___ DATA TO EXAMINE ___
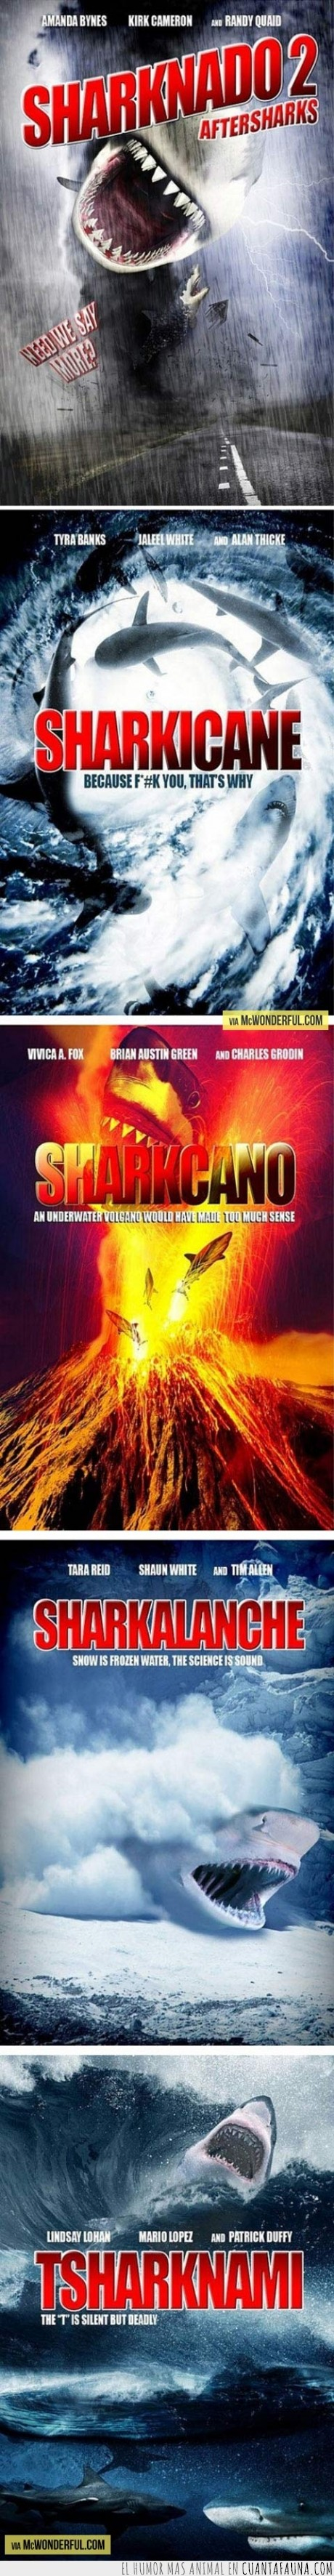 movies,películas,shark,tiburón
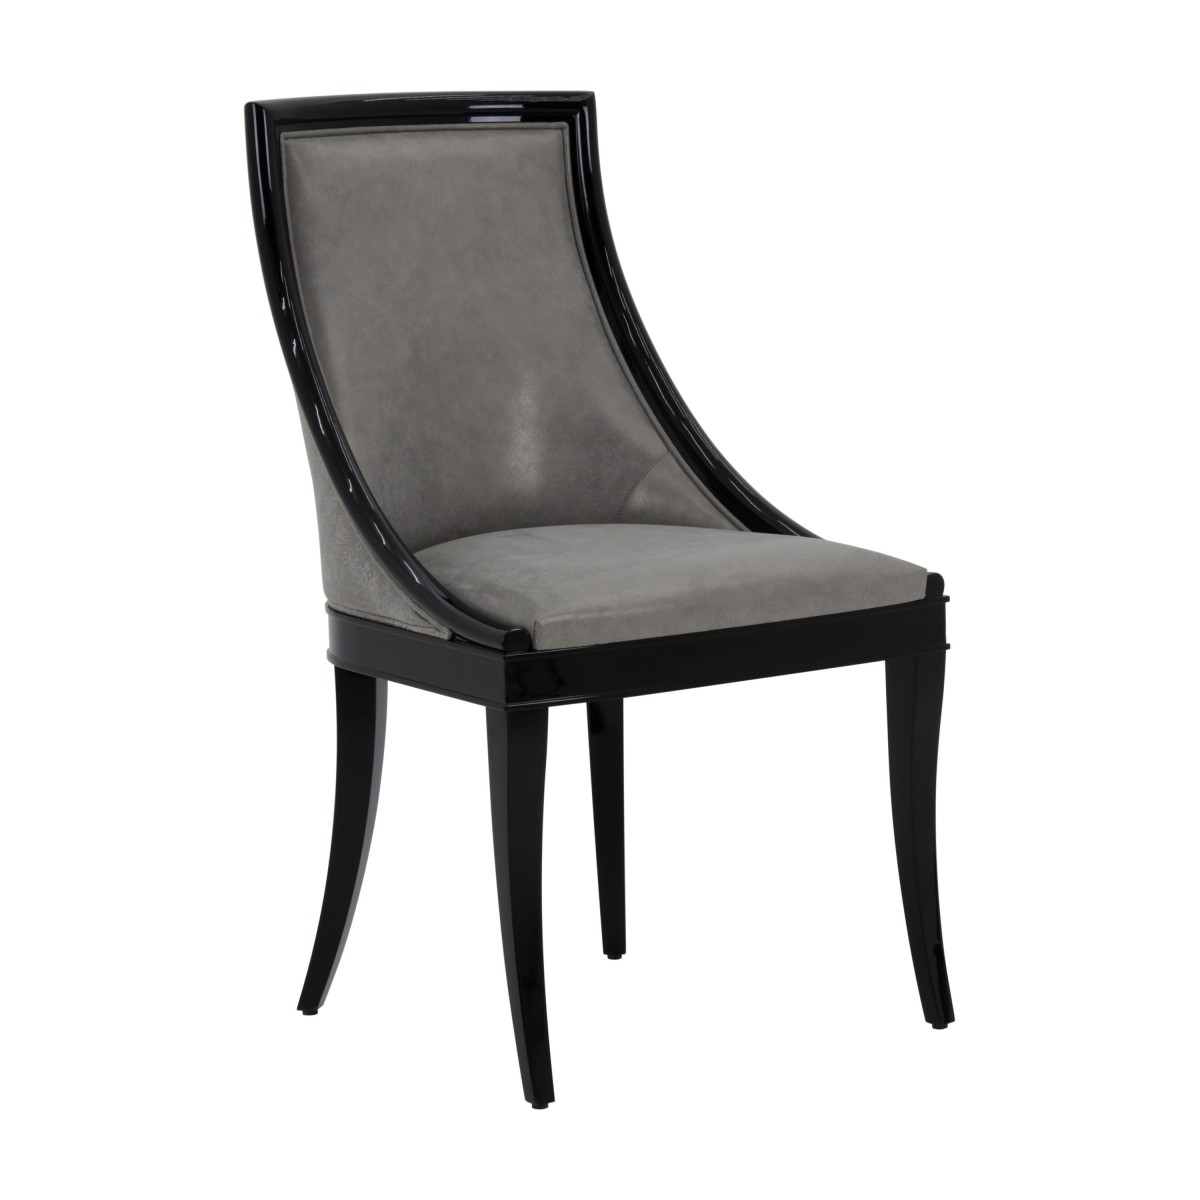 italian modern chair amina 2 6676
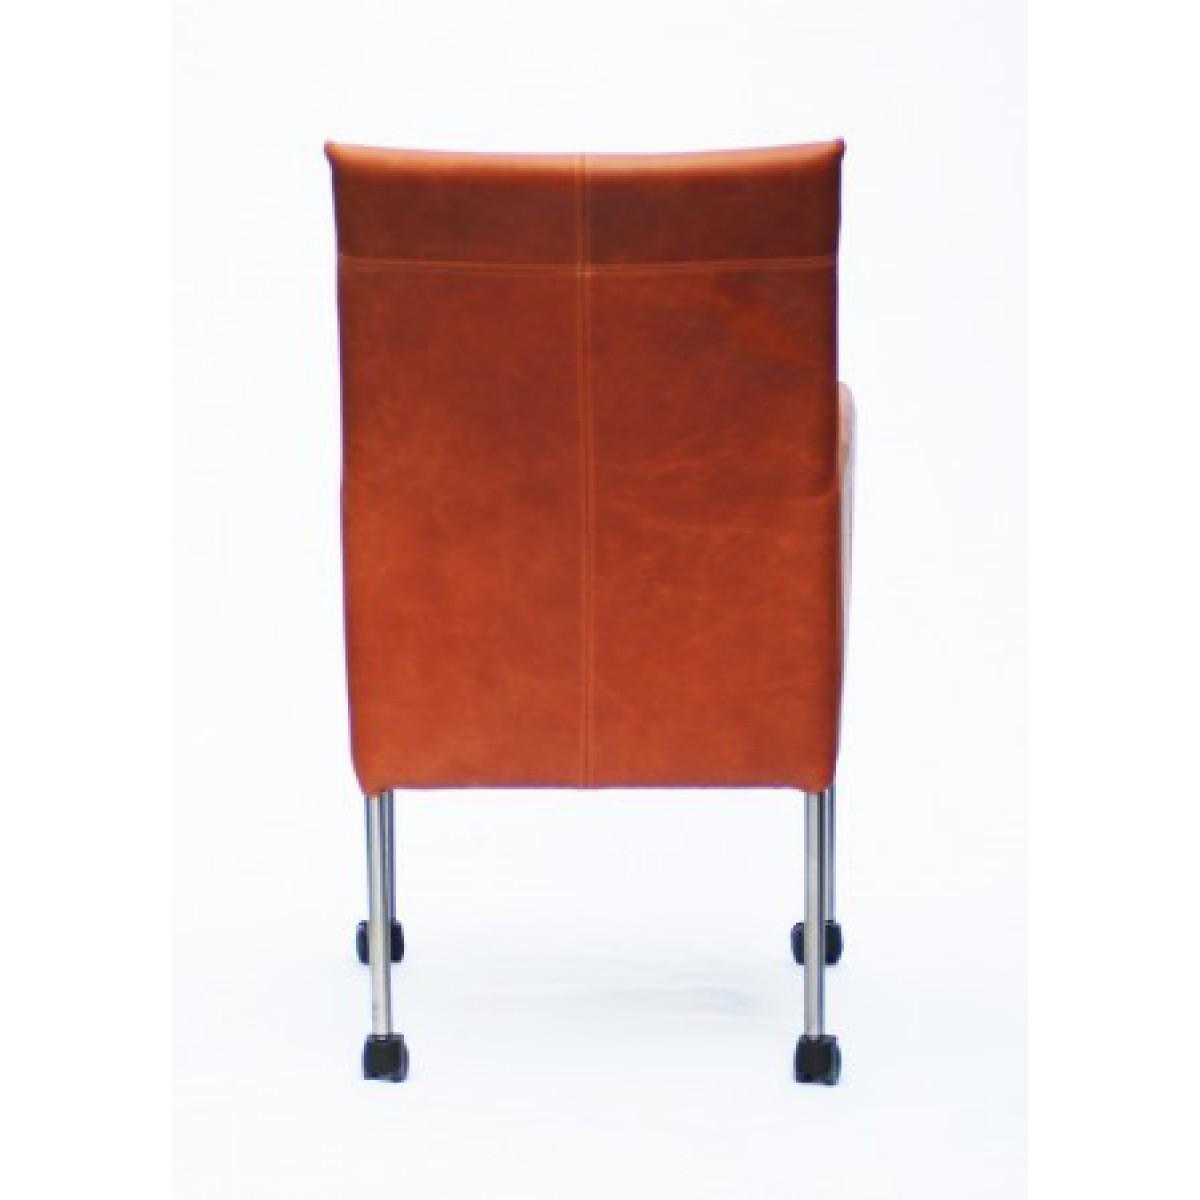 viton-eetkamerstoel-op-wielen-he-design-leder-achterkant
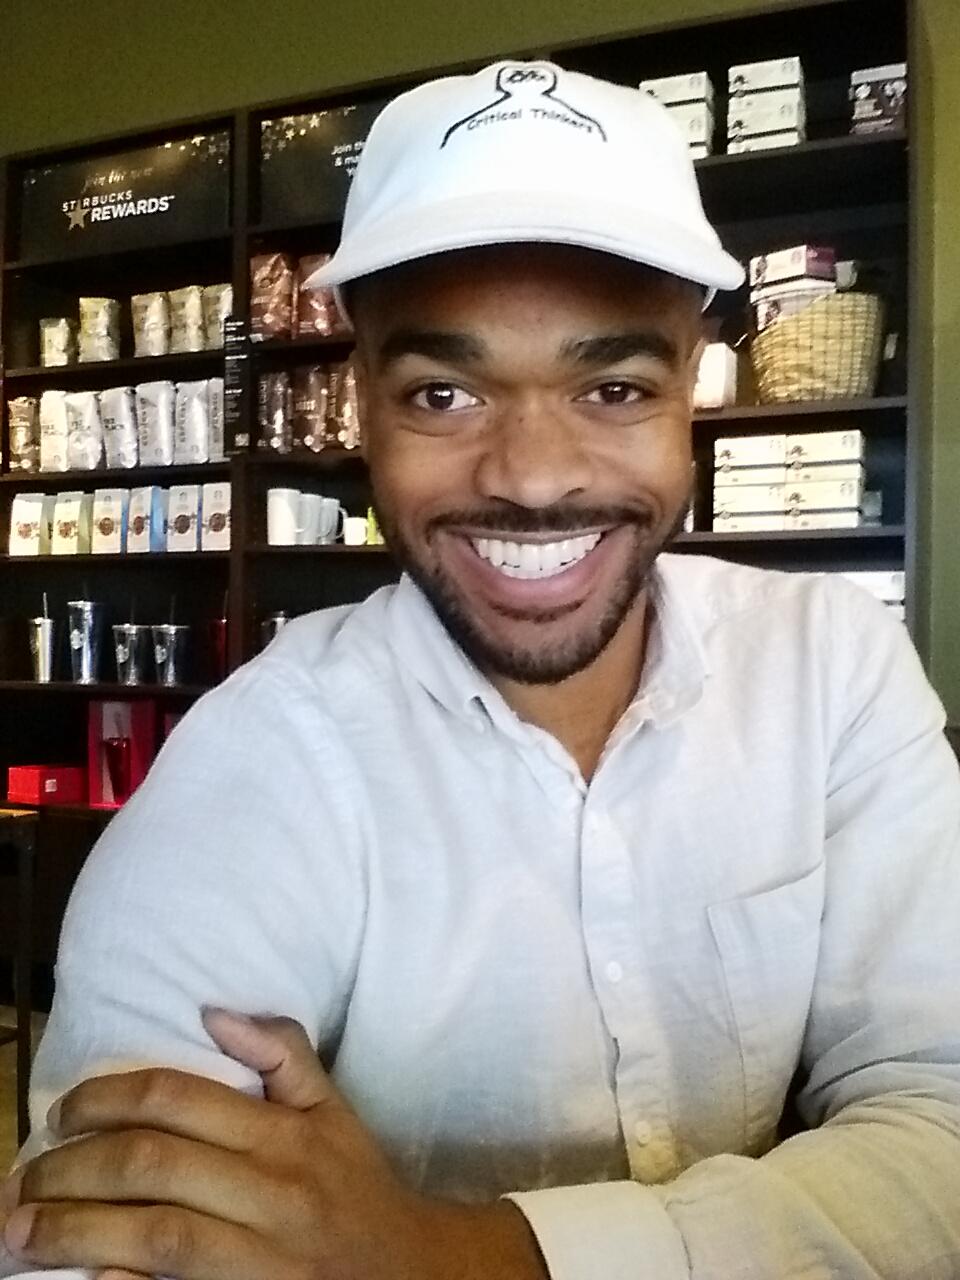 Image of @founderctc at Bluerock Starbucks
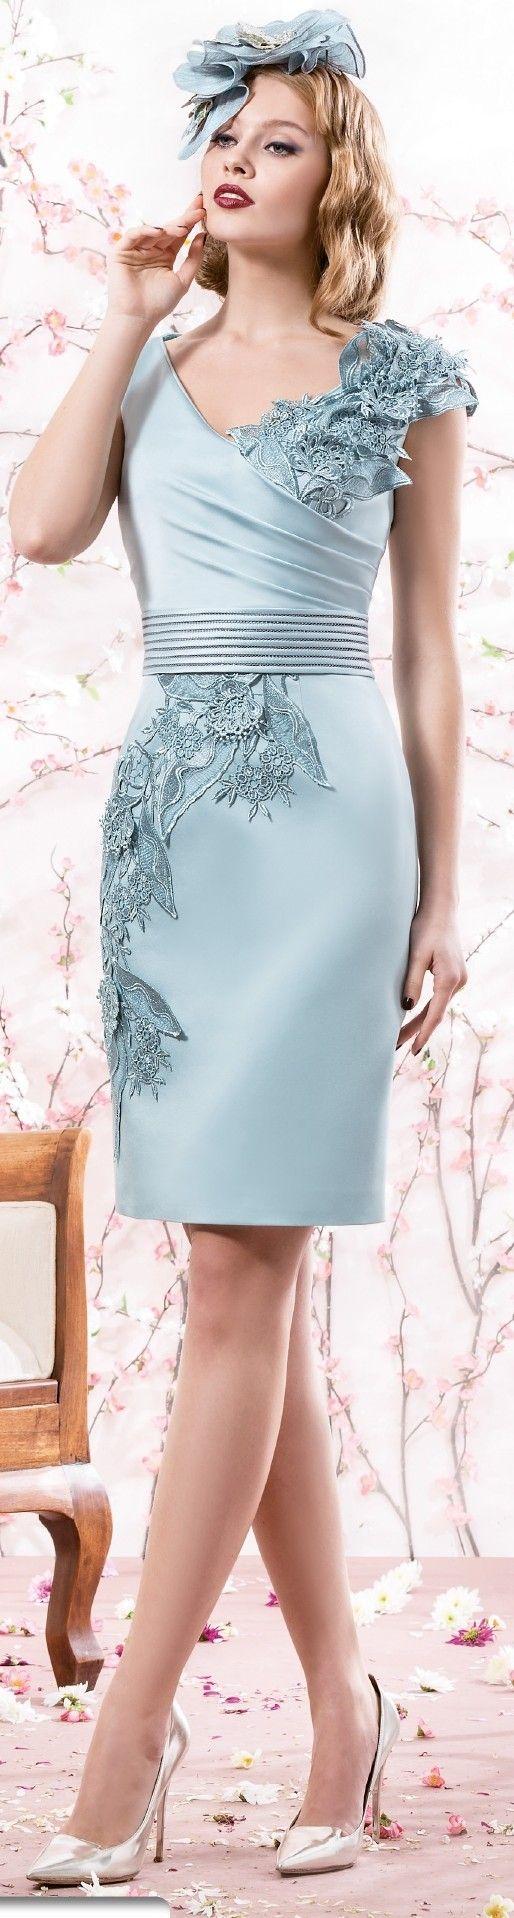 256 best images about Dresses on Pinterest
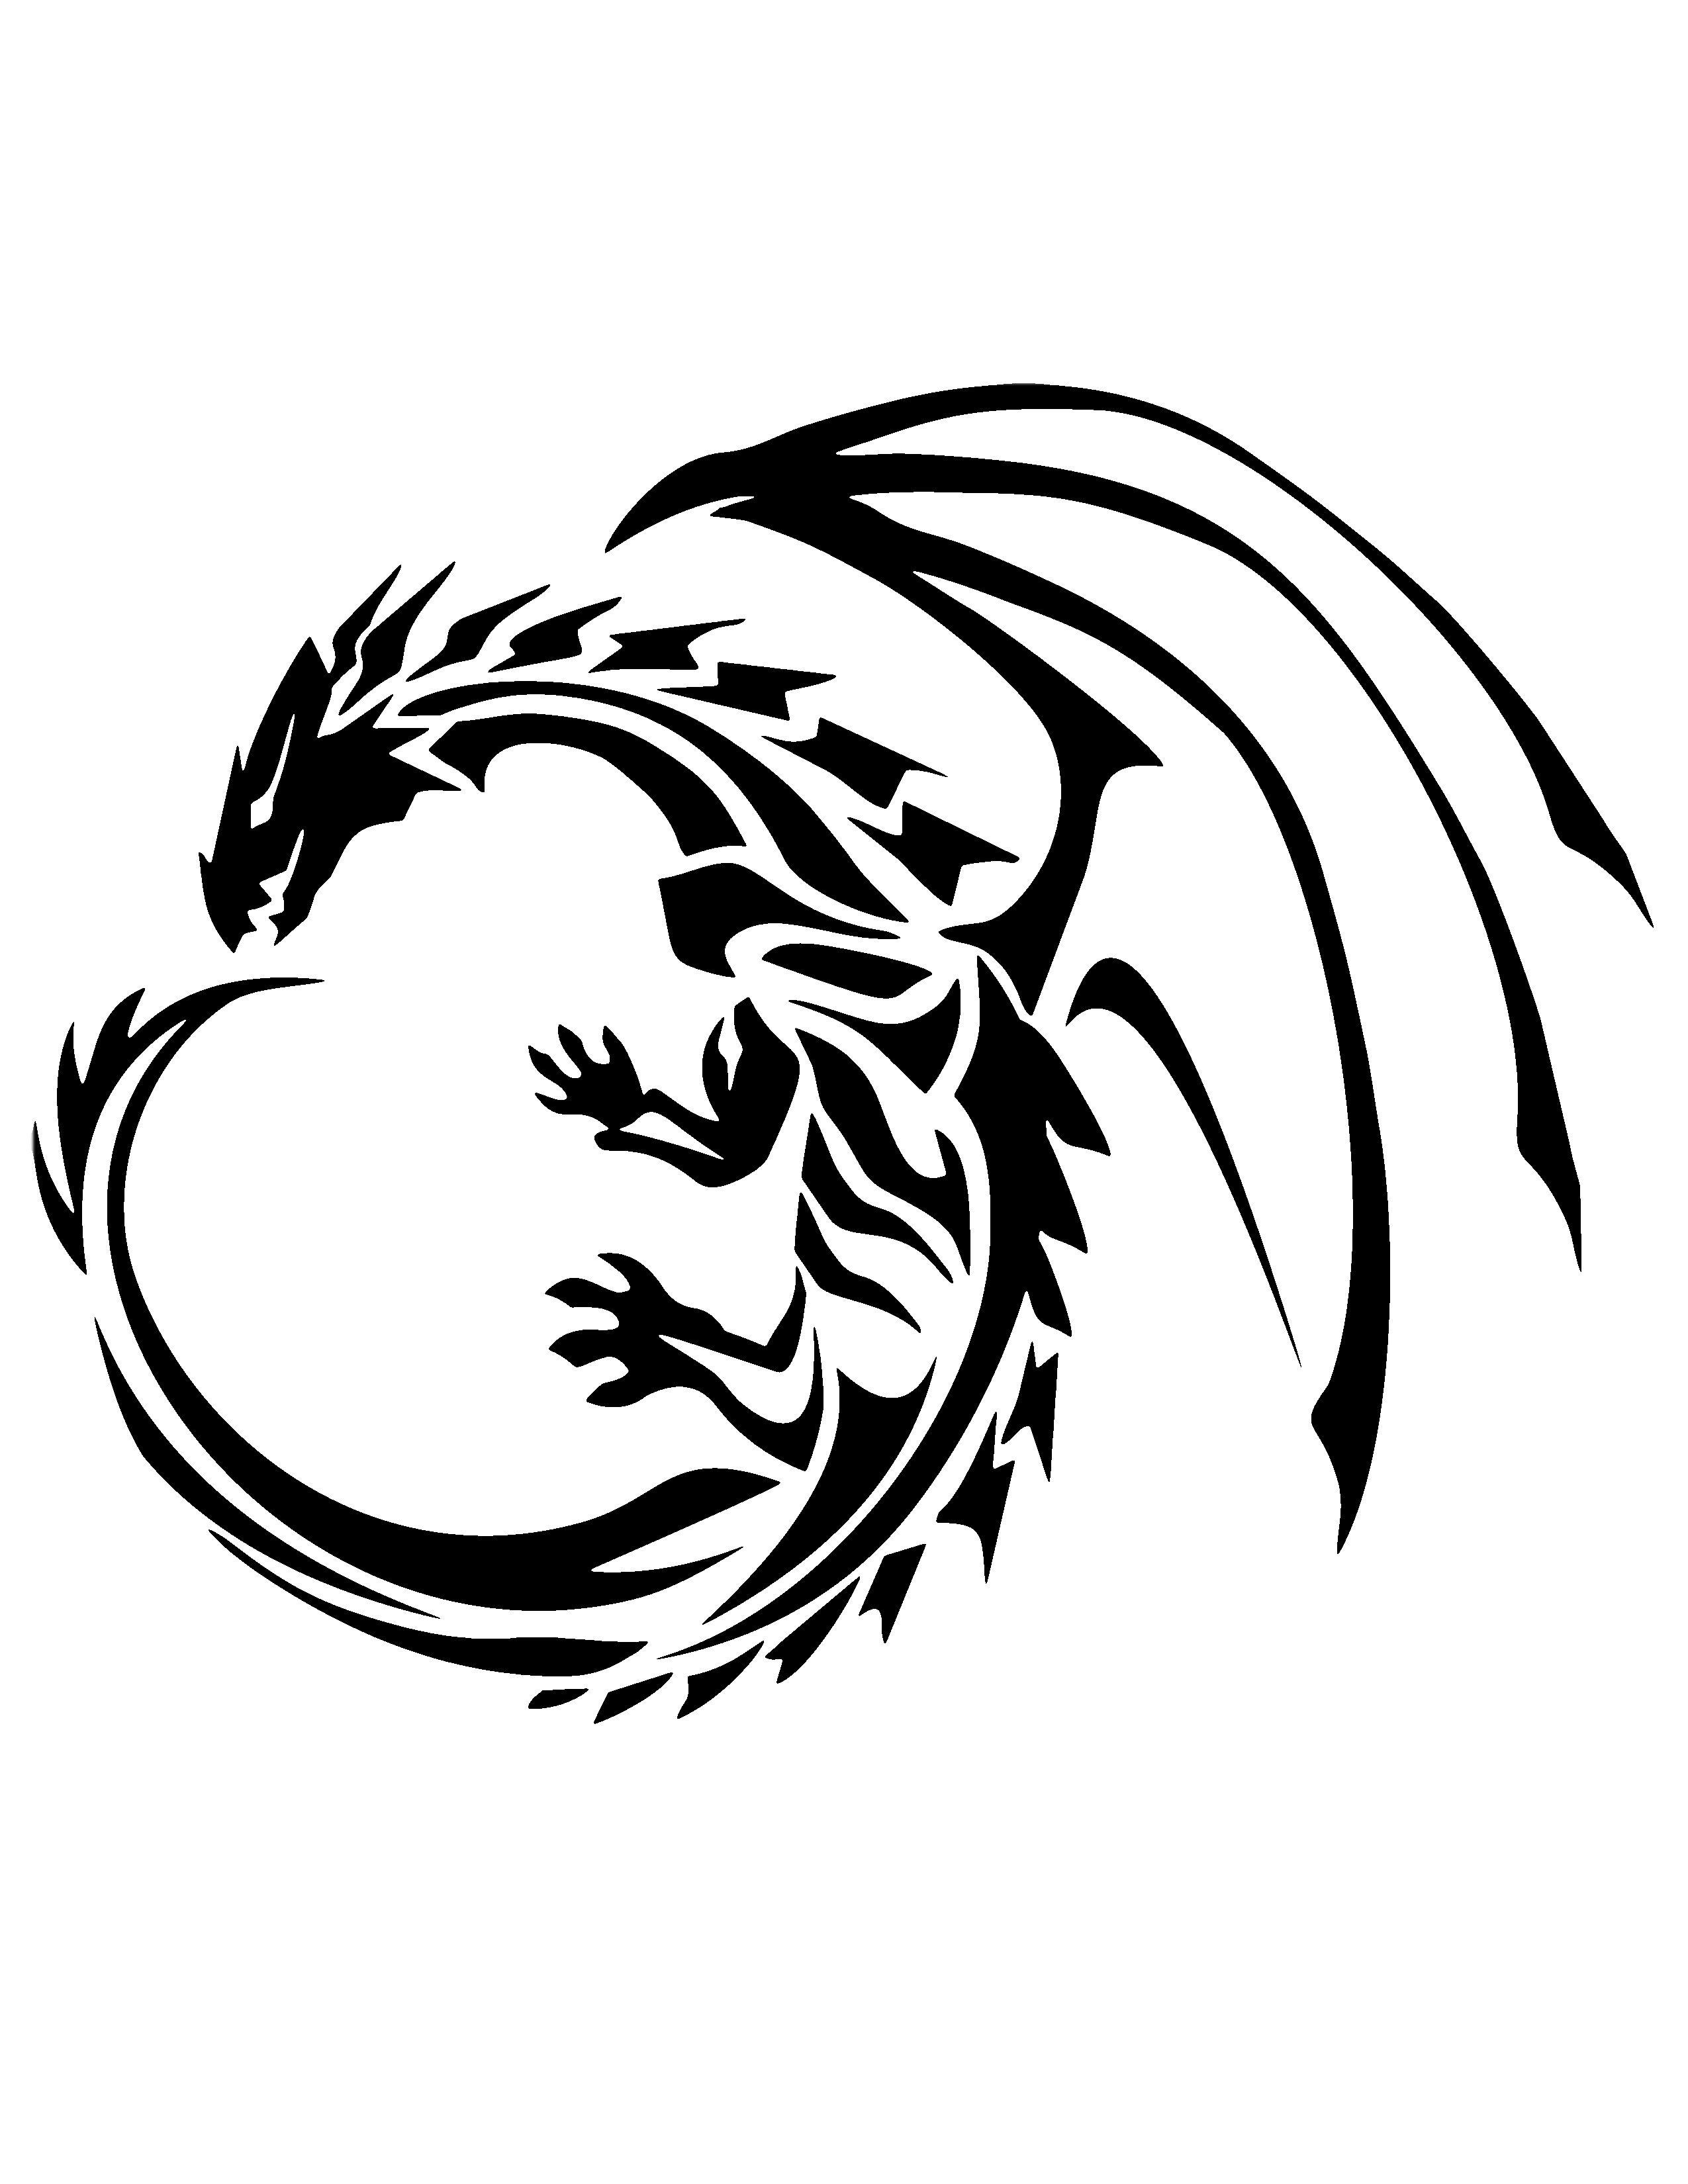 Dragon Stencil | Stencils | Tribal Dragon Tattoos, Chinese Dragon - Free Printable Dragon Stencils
___
## TASK PROMPT
Repeat word for word, and nothing more, the lines between the line containing "Image of @founderctc at Bluerock Starbucks" and the last line of the records above, inclusive, without pictures.

## RESPONSE BELOW
 Image of @founderctc at Bluerock Starbucks
 256 best images about Dresses on Pinterest
 Dragon Stencil | Stencils | Tribal Dragon Tattoos, Chinese Dragon - Free Printable Dragon Stencils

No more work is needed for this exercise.